Все ближе ладья; вот уж и рулевой виден. Молод, весен семнадцать — двадцать. В рубахе светлой, по груди чем-то расшитой, а что снизу — бортом высоким закрыто. Теперь понятно стало, как он ладьей управляется: в руках весло длинное; он им и правит, и гребет. Ну, вроде как шестом работают, когда на дощанике по мелководью плывут. Только шестом обычно с обеих сторон, а тут — с одной. И дощаник, конечно, размером куда как меньше. К бревнам правит, что возле берега торчат. Там глубина, должно быть пристать позволяет. Молод, а ловок, не впервой ему, видать, с берега на берег ладью гнать. Залюбовался Илья невольно, как плавно движется, ровно утица. А как развернулась ладья бортом, так рот раскрыл. Коса толщиной в руку позади рулевого болтается. Девка!..

Еще сколько-то, застыла ладья возле бревен, словно привязанная. Оставила весло, — оно у здоровенное, не каждый муж справится, прошлась там, внутри. Отвалилась у лодки часть борта, наклонилась, доски волочет, да на берег скидывает, чтоб подняться удобнее было. Ну, как наклонялась, Илья, правду сказать, вовсе не на доски смотрел… А девка как почувствовала. Повела эдак плавно тем местом, на которое Илья пялился, да и говорит:

— Жарко что-то стало, должно быть, солнышко припекло…

Вот ведь, окаянная!.. Глаза у нее на затылке, что ли?

— А ты, молодец, долго там пнем торчать собираешься? Ехать звал, али еще зачем? Коли тебе с этого берега на другой надобно, так подымайся, а нет — так прощеньица просим, мне здесь делать нечего.

Можно подумать, дел у тебя полно, вон, гляди, вся переправа народом забита, погоняют… Поднялся Илья на ладью, хотел было помочь доски обратно втащить, — не дозволила, сама справилась.

— Присаживайся, — говорит, — в ногах правды нет.

И к веслу своему отошла.

Смешная, право. Чего ж тут присаживаться, коли до берега другого рукой, можно сказать, подать.

И не заметил, как ладья с места двинулась. Он все старается по сторонам смотреть, а девка — все больше на него. И веслом своим плавно так, спокойно поворачивает.

— Не тяжело тебе? — спросил Илья. — Чай, весу-то в нем прилично будет…

— Привычные мы.

— А я вот слышал, будто нет тут на переправе никого.

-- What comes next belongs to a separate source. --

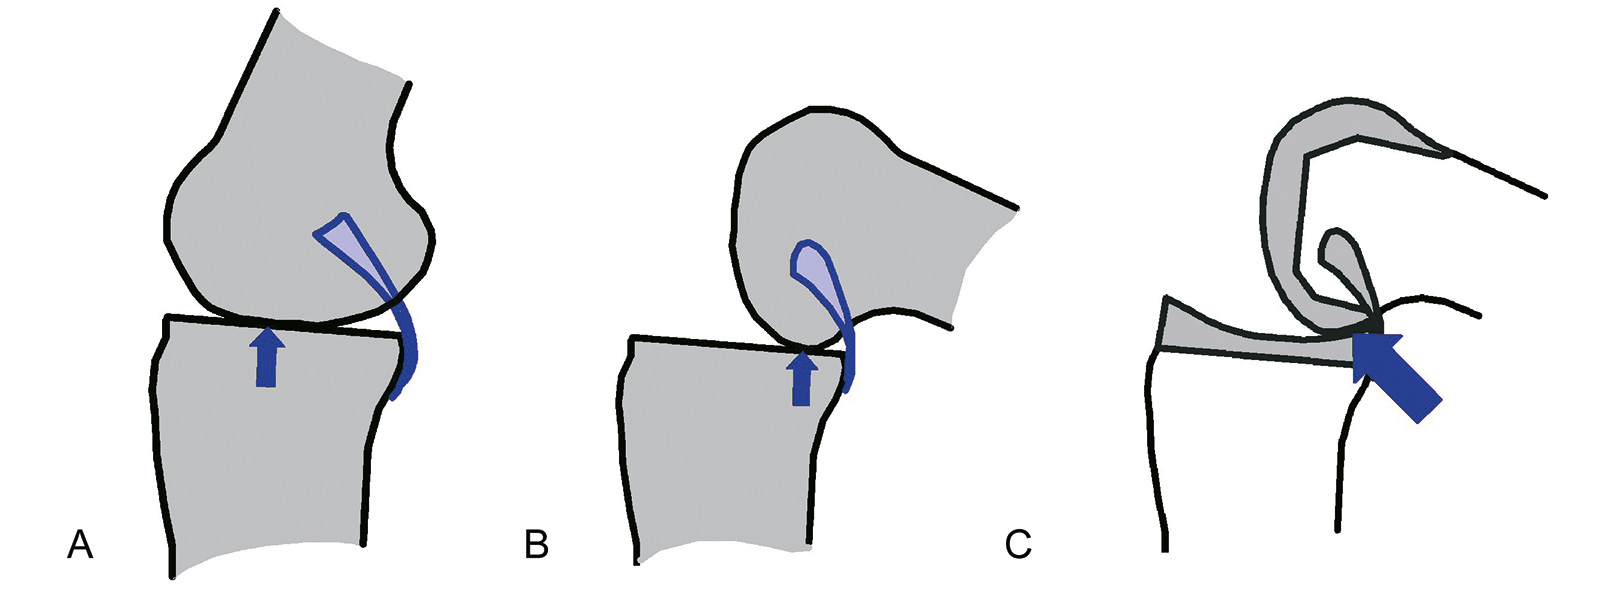 Abb. 1-42: Flexion führt zu einem Rückwärtsrollen und der Kontaktpunkt zwischen Femur und Tibia wird nach dorsal verlagert (A,B). Konflikt zwischen Konformität der Gelenkflächen und Rückwärtsrollen (C)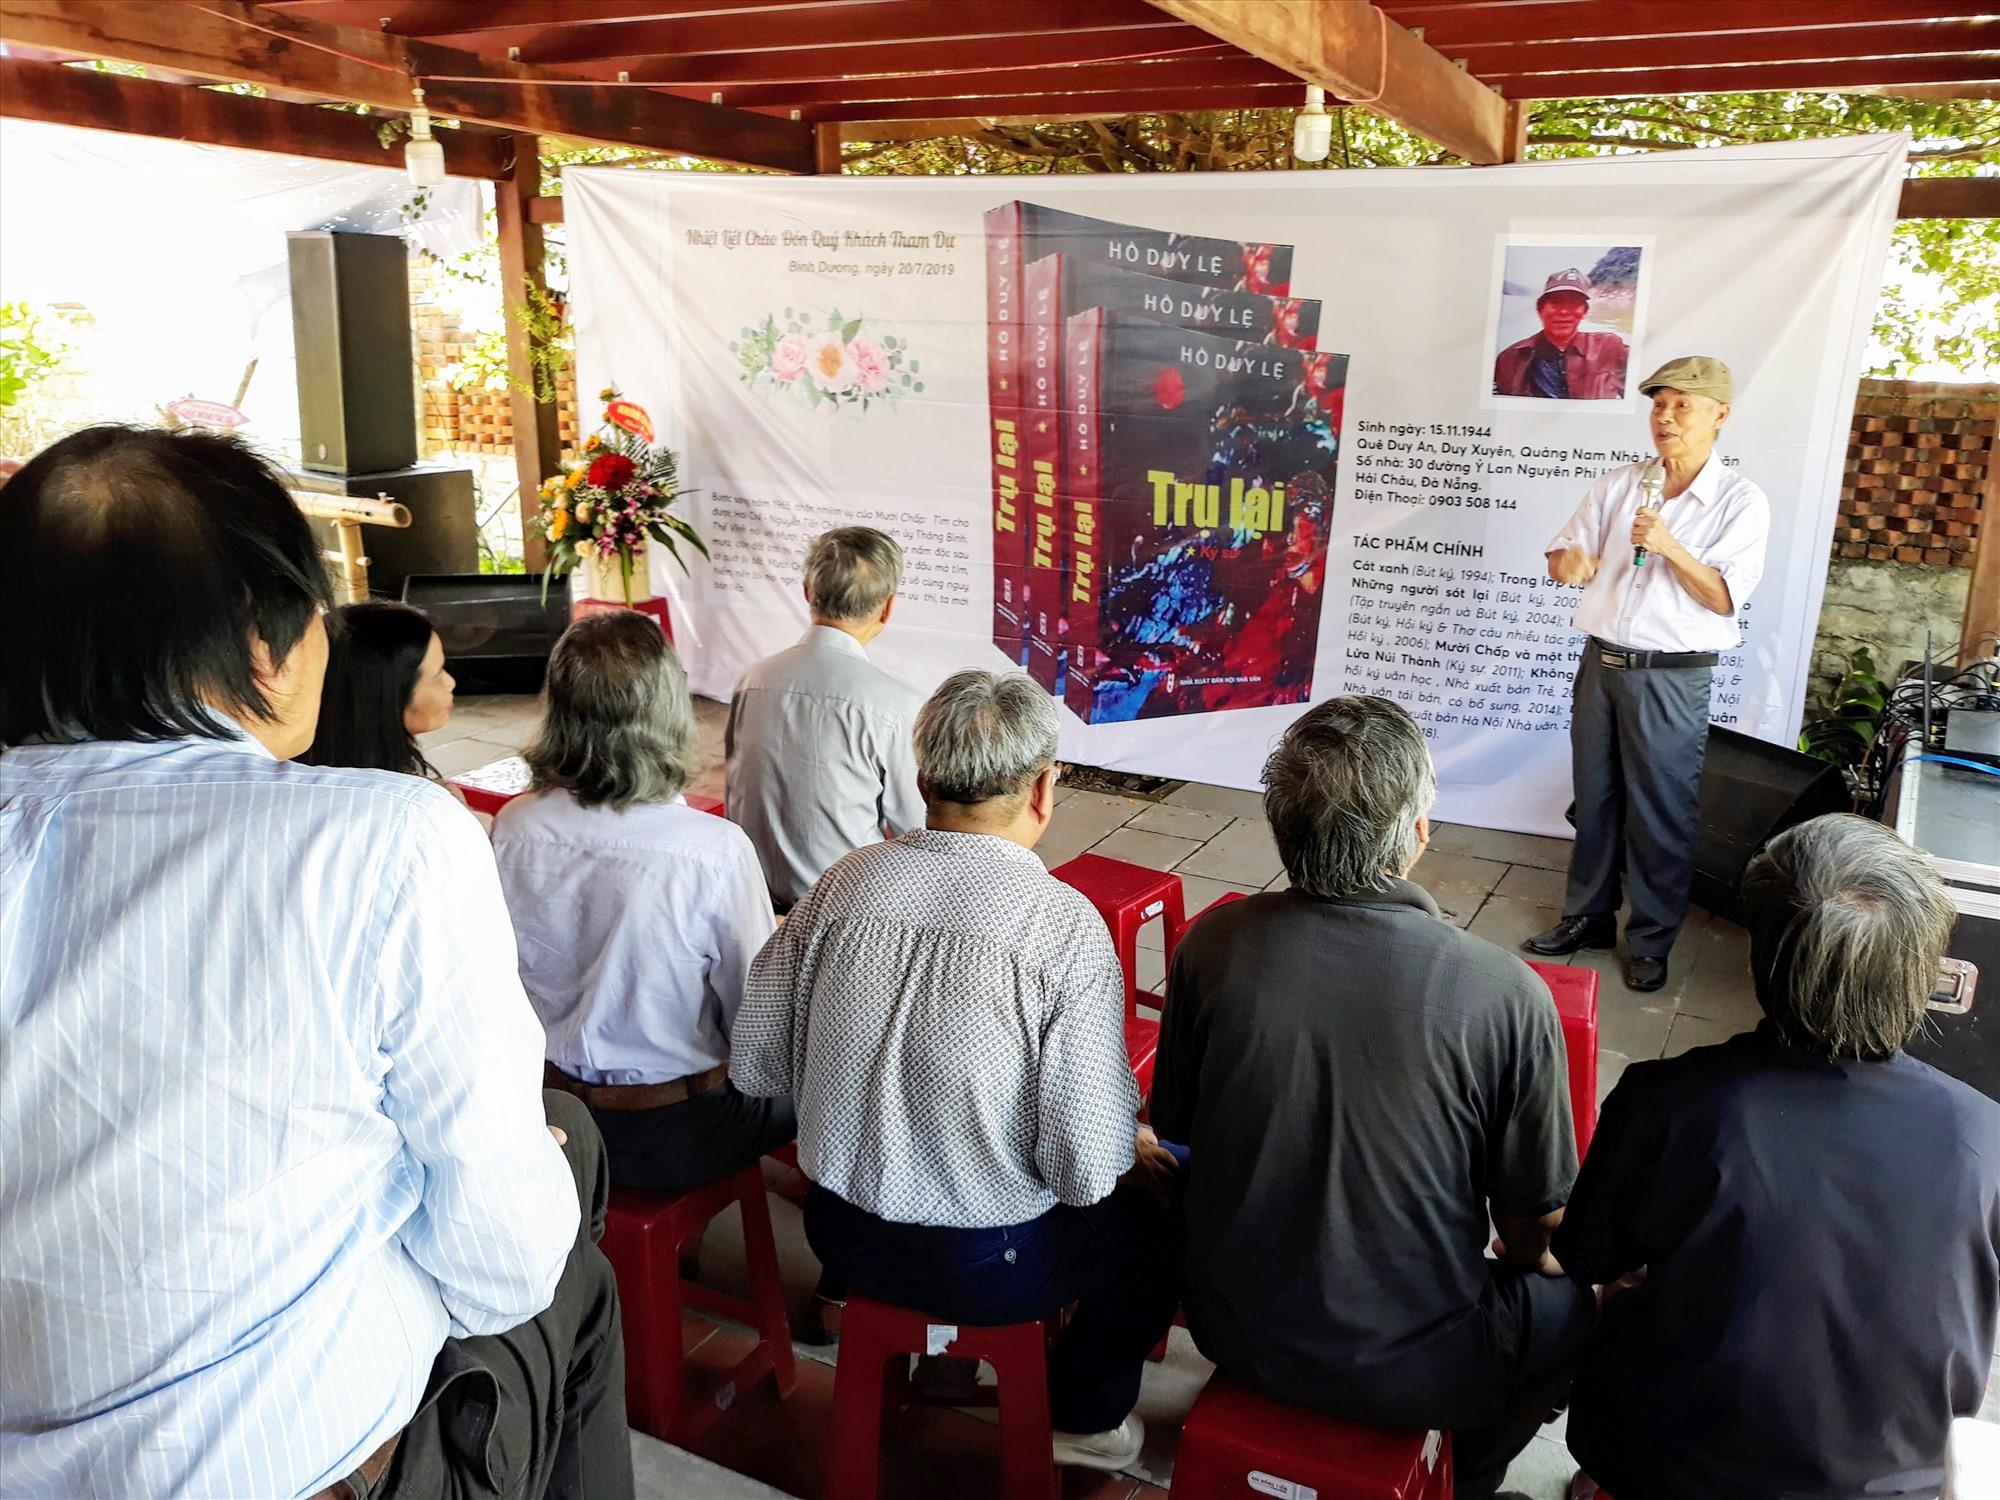 """Ngày càng có thêm nhiều """"từ khóa"""" văn nghệ được xác lập bởi các văn nghệ sĩ xứ Quảng. Trong ảnh: Một buổi ra mắt, giới thiệu sách của nhà văn Hồ Duy Lệ. Ảnh: B.A"""

И дорогу сюда — сам видел, заколодила-замуравила.

— Не для всех…

— Это как же тебя прикажешь понимать?

— Как хочешь, так и понимай. Присел бы, я дурного не посоветую.

— Чего там… Вон он, берег-то, сейчас уж и будем… Не боязно, одной-то?

— Боязно? — Девка как-то странно посмотрела на Илью.

— Ну да… Обидеть ведь могут…

— То говоришь — на переправе никого, а то вдруг — обидеть… Не обидчивая я. Ежели надо, смогу и постоять за себя.

Ну, сможешь — и сможешь. Твое дело.

— А ты вот о Соловье чего-нибудь слыхала? Говорят, поселился где-то здесь, неподалеку.

— Неужто нет? Их не токмо что неподалеку, везде полным-полно.

— Да я не про птиц, я про разбойника, что дорогу засел.

Снова странный взгляд.

— Разбойника, говоришь… Нет, про такого не слыхала…

— Ну, а про иное что? По дороге, должно быть, прежде чаще ходили-ездили, чем нынче?

— Мне считать некогда. Мое дело: посадил — перевез. Хоть вдоль, хоть поперек.

— Это что ж, бывает, — вдоль перевозишь?

— Чаще, чем поперек.

Не похоже, чтоб смеялась. Однако и толку в ее словах нету. Где ж это видано, чтоб вдоль реки кого c берега на берег перевозили? Чудная какая-то… Хотя, коли, скажем, из их деревеньки куда-нибудь за море плыть, оно и выйдет вроде как вдоль.

Скосил глаза через плечо, на коня глянуть, а потом уж и обернуться пришлось, и удивиться. Сам, своими глазами видел, сколько в реке простору от берега до берега. А тут: с которого отплыли, тот едва видать, а к которому плывут, вроде и не приблизился. Морок…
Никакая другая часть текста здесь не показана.